■ Task objective: Line by line, repeat the material below exactly and skip the images.

■ Data below:

++++++

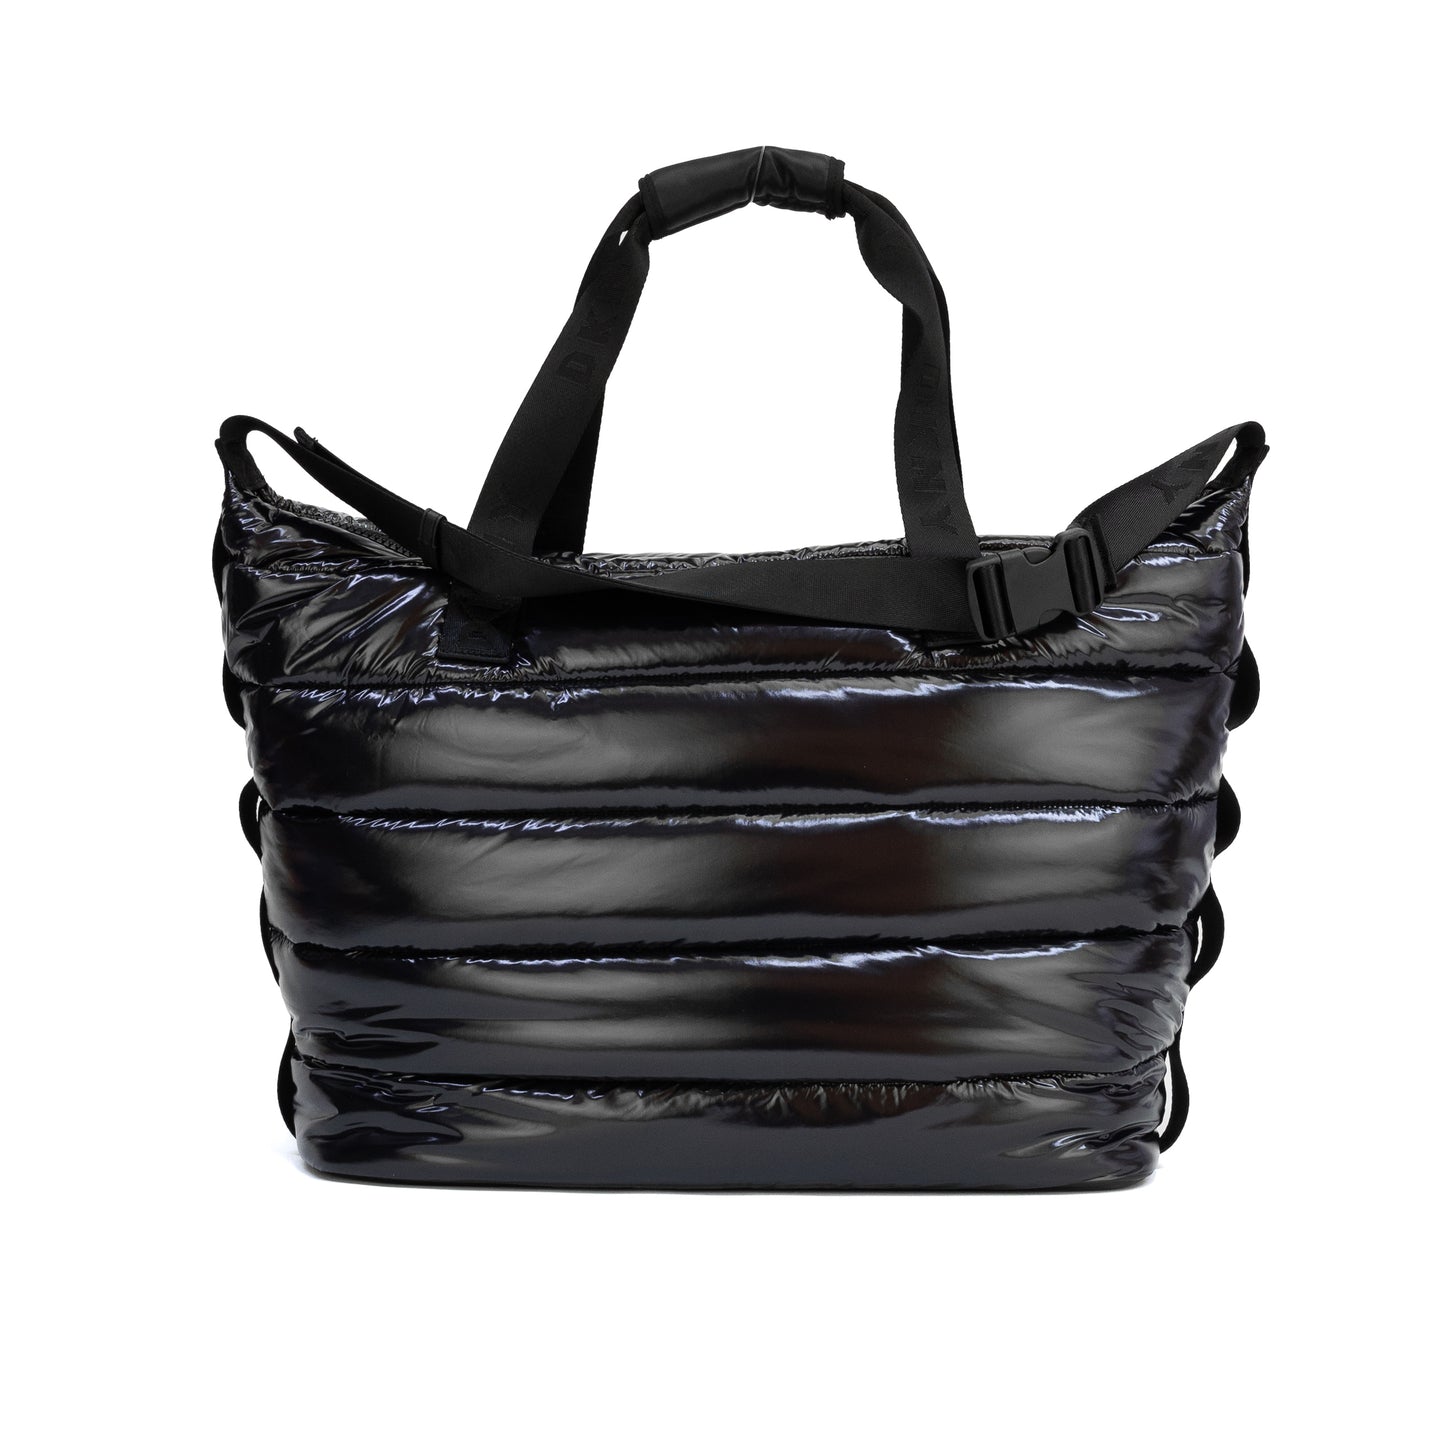 DKNY Nora Puffer Weekender Tote Bag - Black
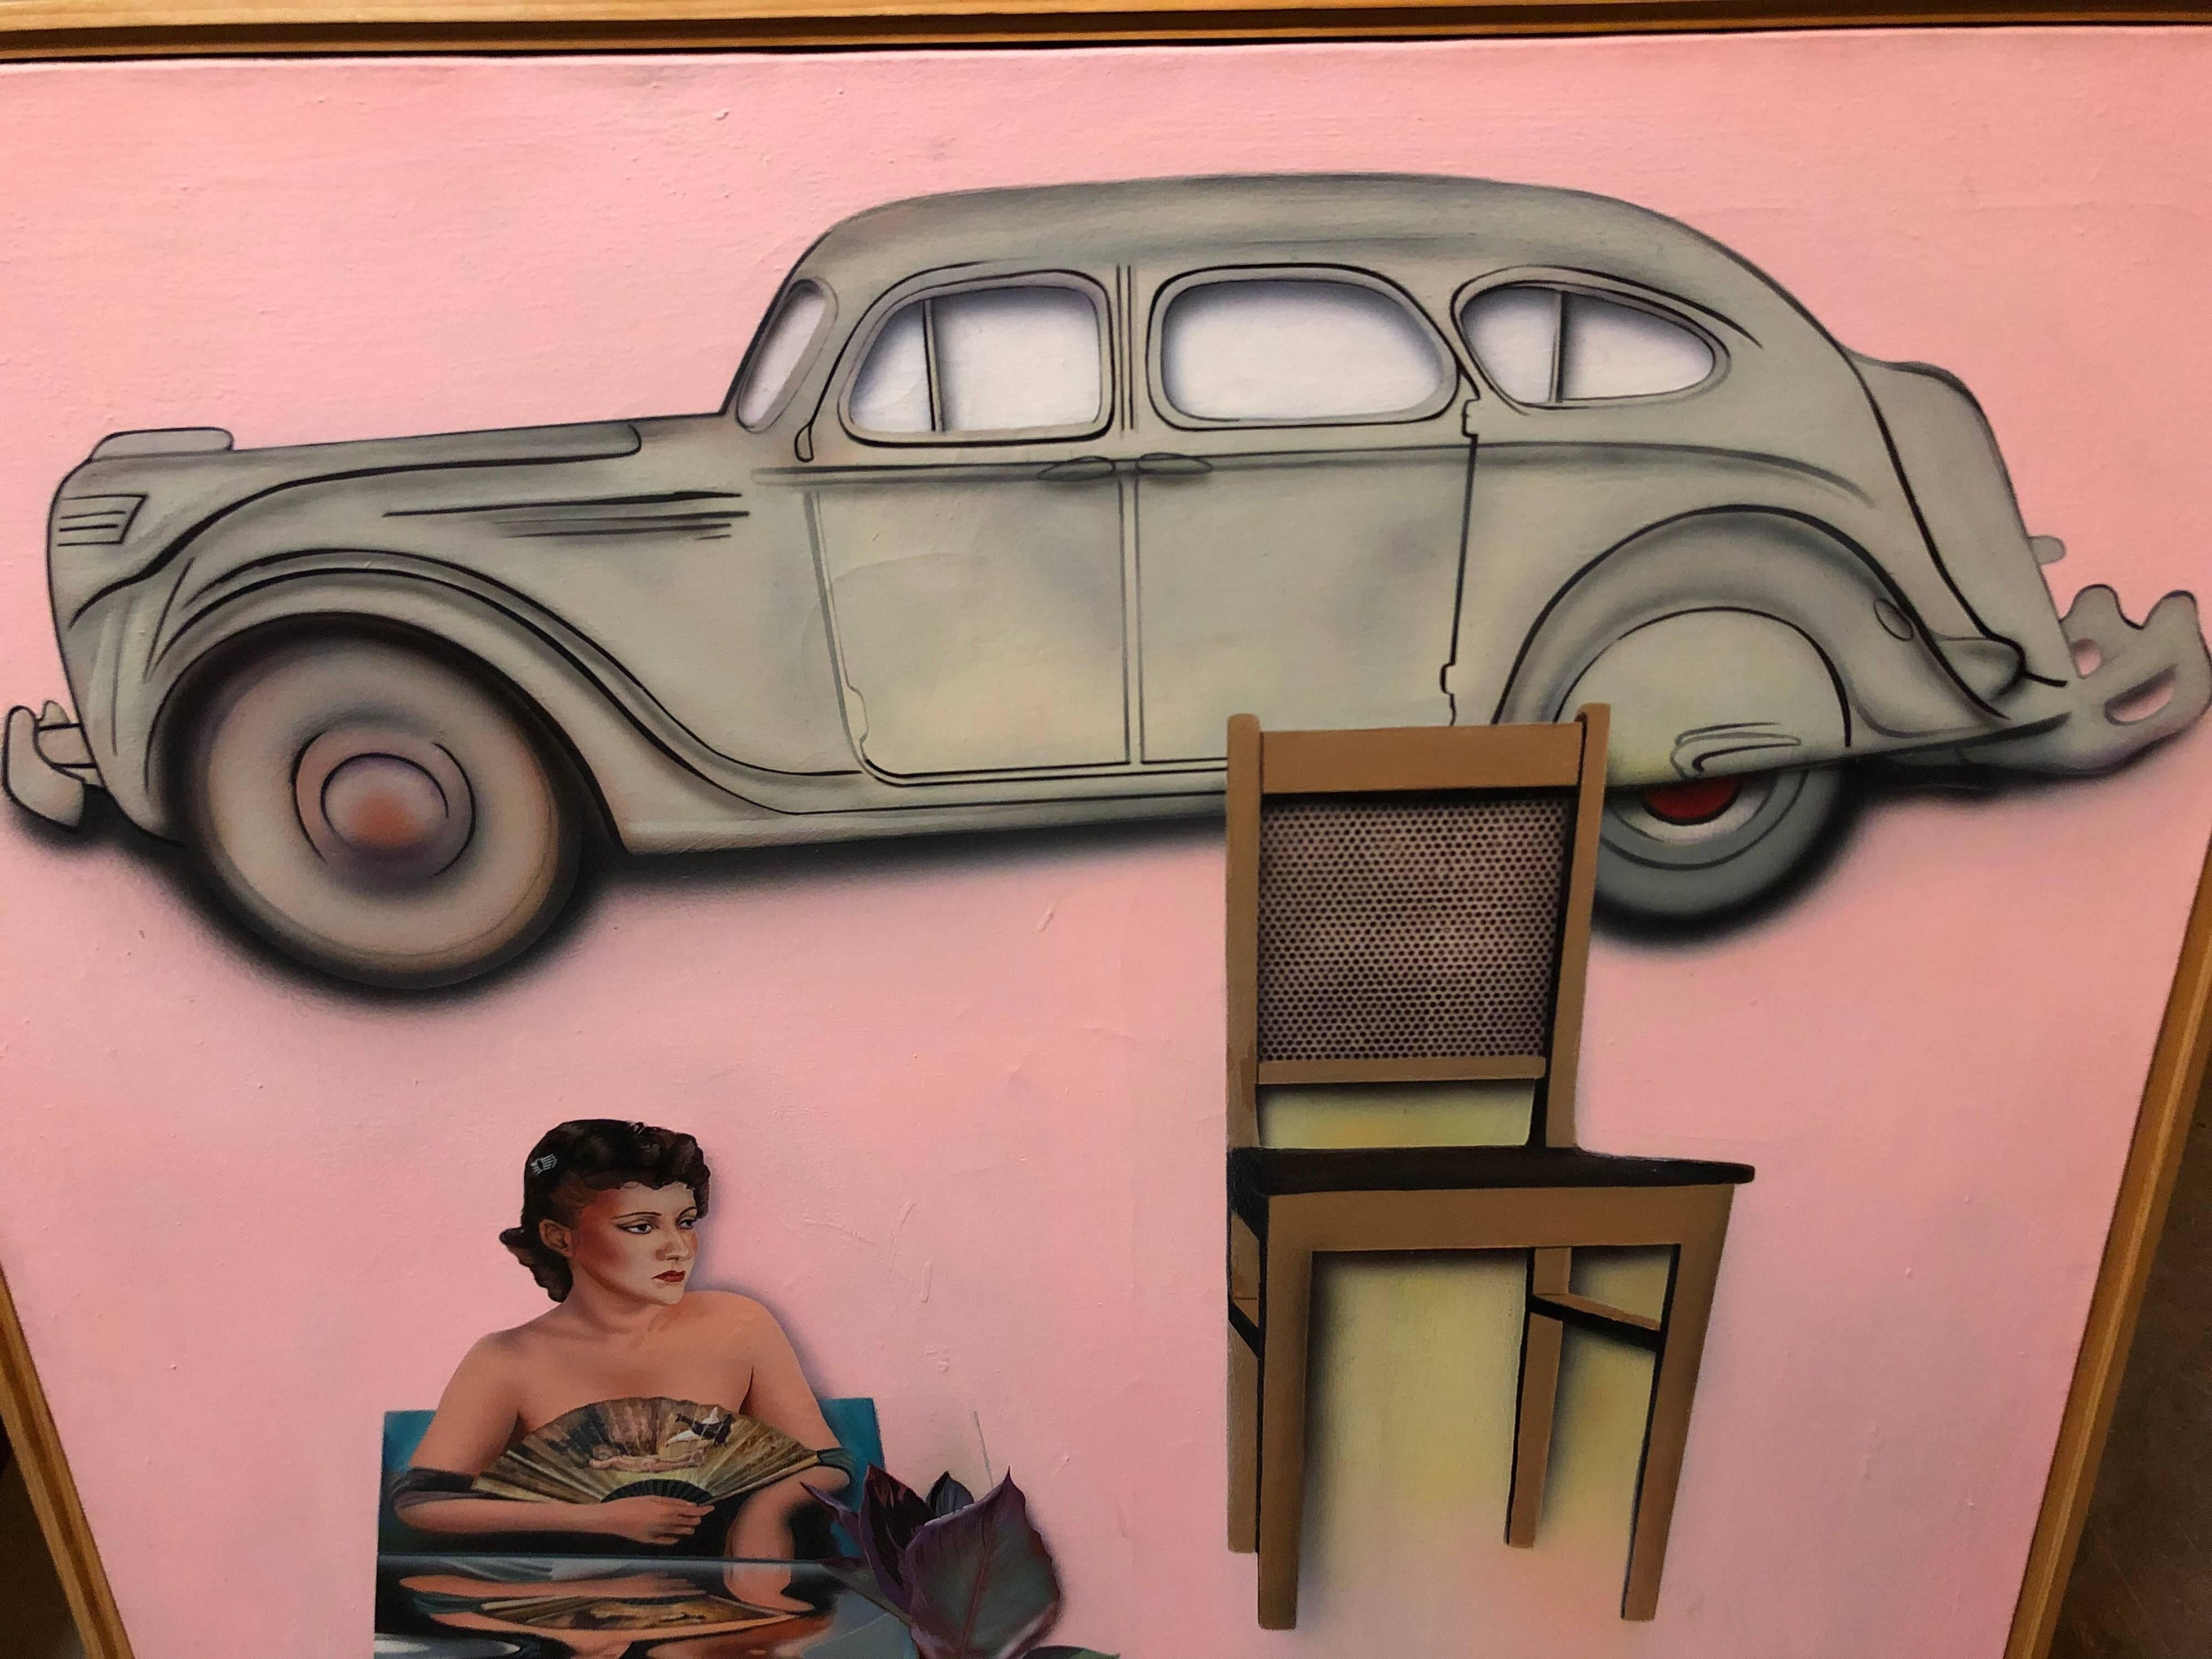 Grande peinture à l'huile américaine vintage d'art populaire israélien représentant une voiture, rose - Pop Art Painting par Joshua Griffit
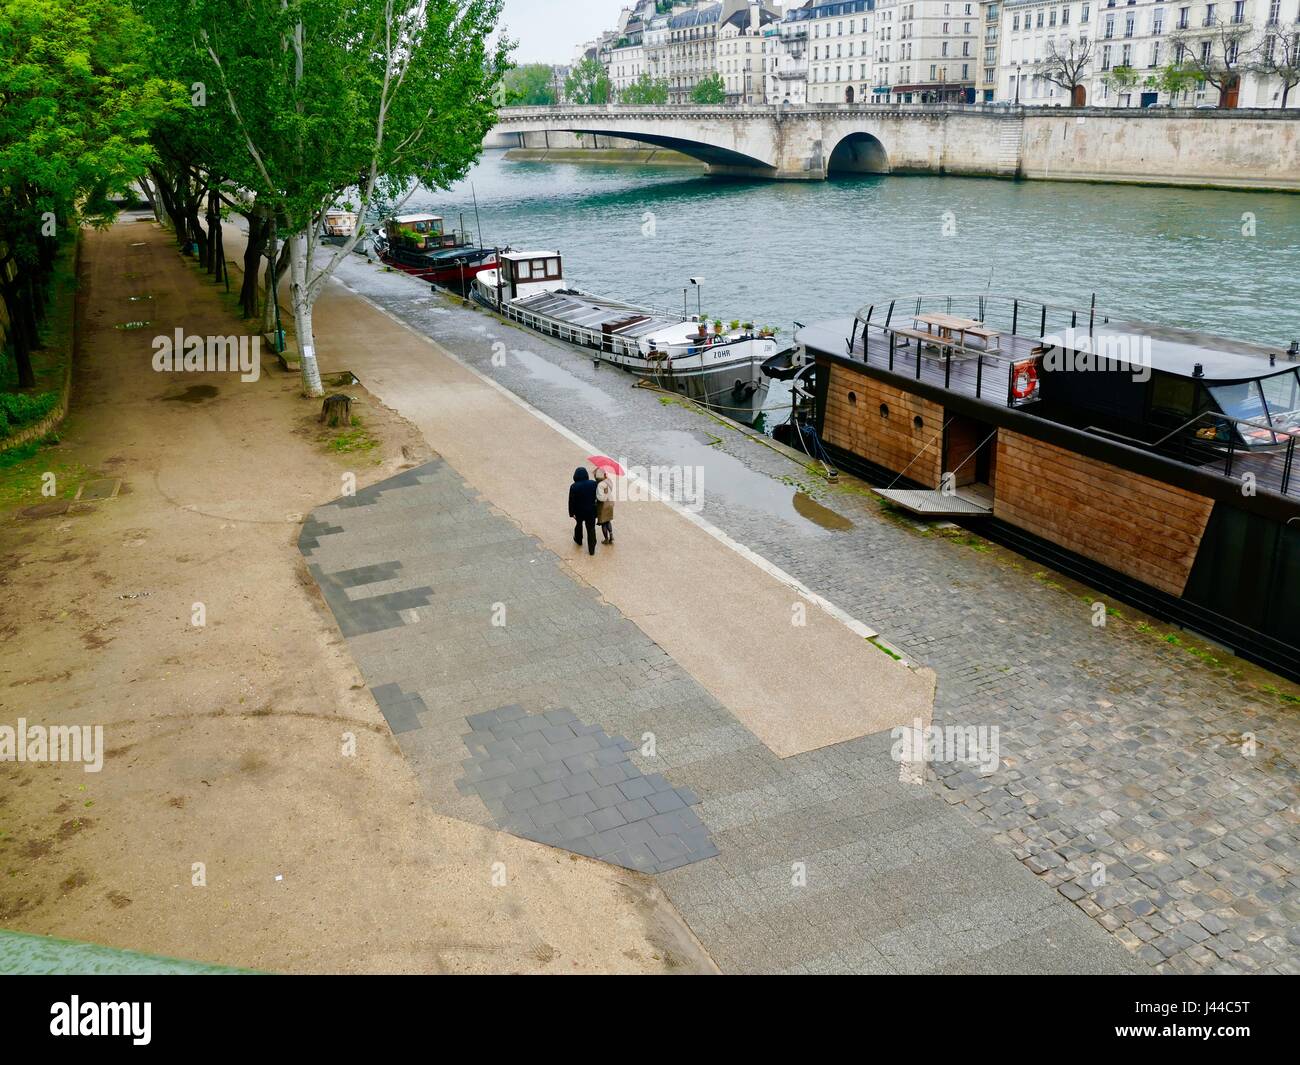 Couple d'imperméables avec parapluie rouge, marcher le long de la rivière Seine et de bateaux dans la pluie. Quai de la Tournelle, Paris, France. Banque D'Images
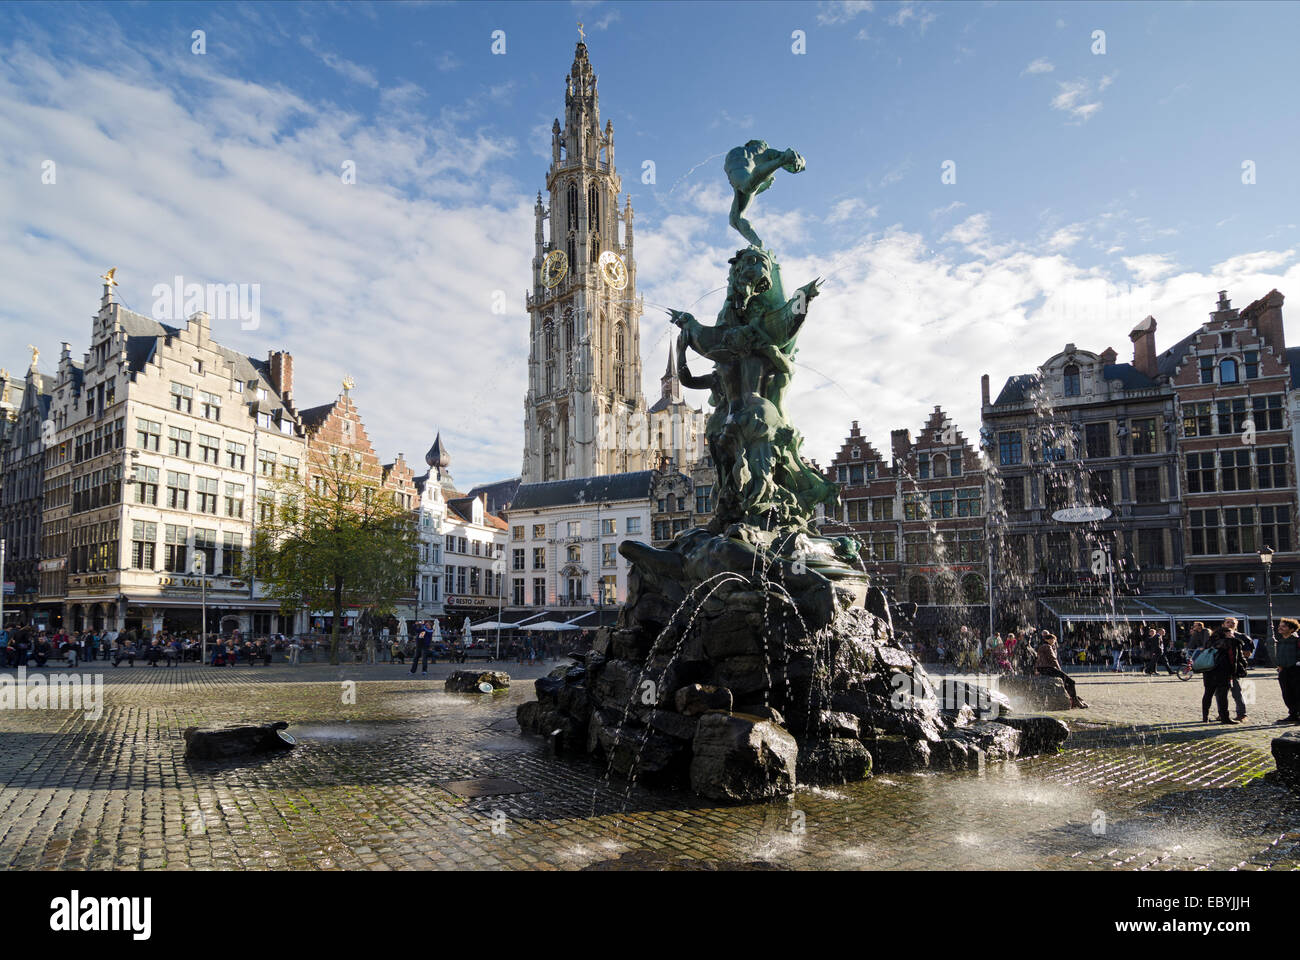 Anversa, Belgio - 26 ottobre: la Grand Place con la statua di Brabo, gettando il gigante la mano nel fiume Schelda e th Foto Stock

++++++

■ Answer to this exercise:
 DKNY Nora Puffer Weekender Tote Bag - Black
 Grande peinture à l'huile américaine vintage d'art populaire israélien représentant une voiture, rose - Pop Art Painting par Joshua Griffit
 Couple d'imperméables avec parapluie rouge, marcher le long de la rivière Seine et de bateaux dans la pluie. Quai de la Tournelle, Paris, France. Banque D'Images
 Anversa, Belgio - 26 ottobre: la Grand Place con la statua di Brabo, gettando il gigante la mano nel fiume Schelda e th Foto Stock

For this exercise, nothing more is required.